Ukraine War, 4–5 July, 2022

Good morning everybody!

These days, I’m getting lots of questions about relations between the Zelensky Administration, the Minister of Defence, Commander-in-Chief, and Chief-of-GenStab Ukraine. Up front, I should observe I’ve got no contacts there, and I’m still reading myself into this topic. Should mean: I’m entirely clueless about this topic and reduced to ‘reading between the lines’ — i.e. to deduction.

That said, there’s not much to read myself into, primarily because outside Ukraine relations in that ‘square’ remain an under-researched topic (or at least an ‘under-published’ topic): what has been published before the war was busy explaining how incompetent and corrupt the ZSU is, and how quickly it’s going to fold up in the case of the Russian invasion — all because it’s not following NATO-advice to the last dot and comma…
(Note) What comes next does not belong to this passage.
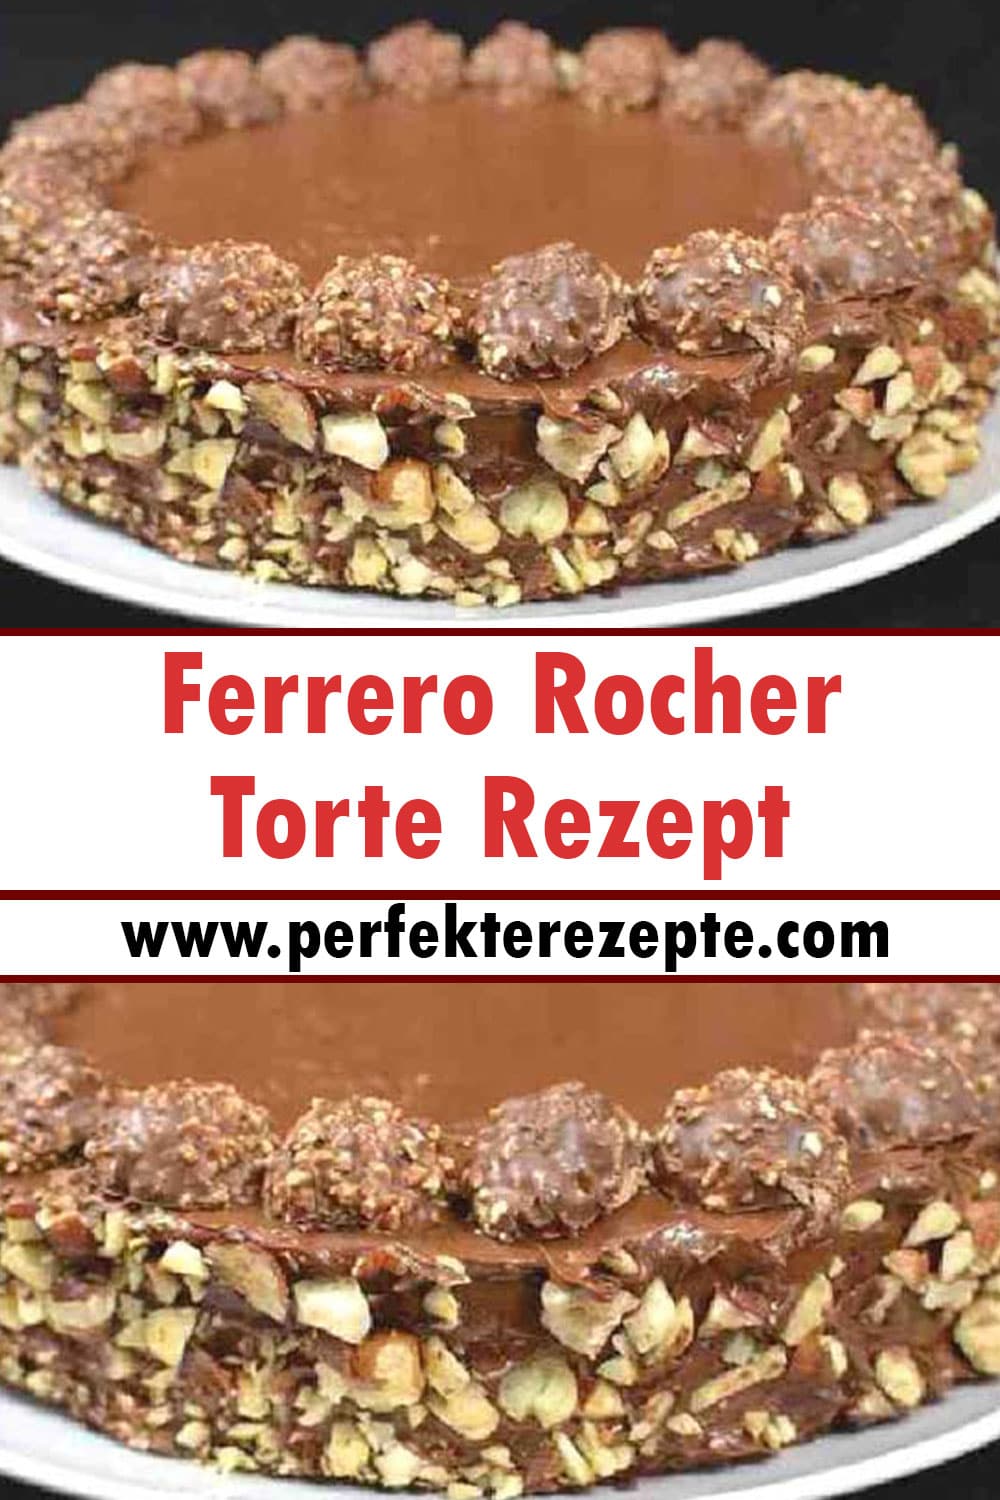 in 20 minuten fertig und ohne backen, Ferrero Rocher Torte Rezept

Thus, can only ‘gauge from afar’. ….and so, ‘from afar’, the situation to me appears as if the latest episode in this regards — the one where Zelensky publicly requested the GenStab not to make specific decisions without him (in this case: decisions about requirement all the conscripts and reservists to report their whereabouts to the military authorities) — is illustrative for relations in this ‘square’.

To understand this, one should keep in mind the ‘nominal’ situation, the one that — at least in Ukraine — is dictated by the rule of law. For example: nominally, the ‘politics’ is determining the politics, military the military affairs. Politics has the duty (foremost duty, less so the ‘right’) to take care the military to have everything it needs to fight the war, and it can say to the military, for example, ‘recover Kherson’. Military has the right and the duty to tell to the politics, ‘yes sir, we can’ or, ‘no sir, we can’t’….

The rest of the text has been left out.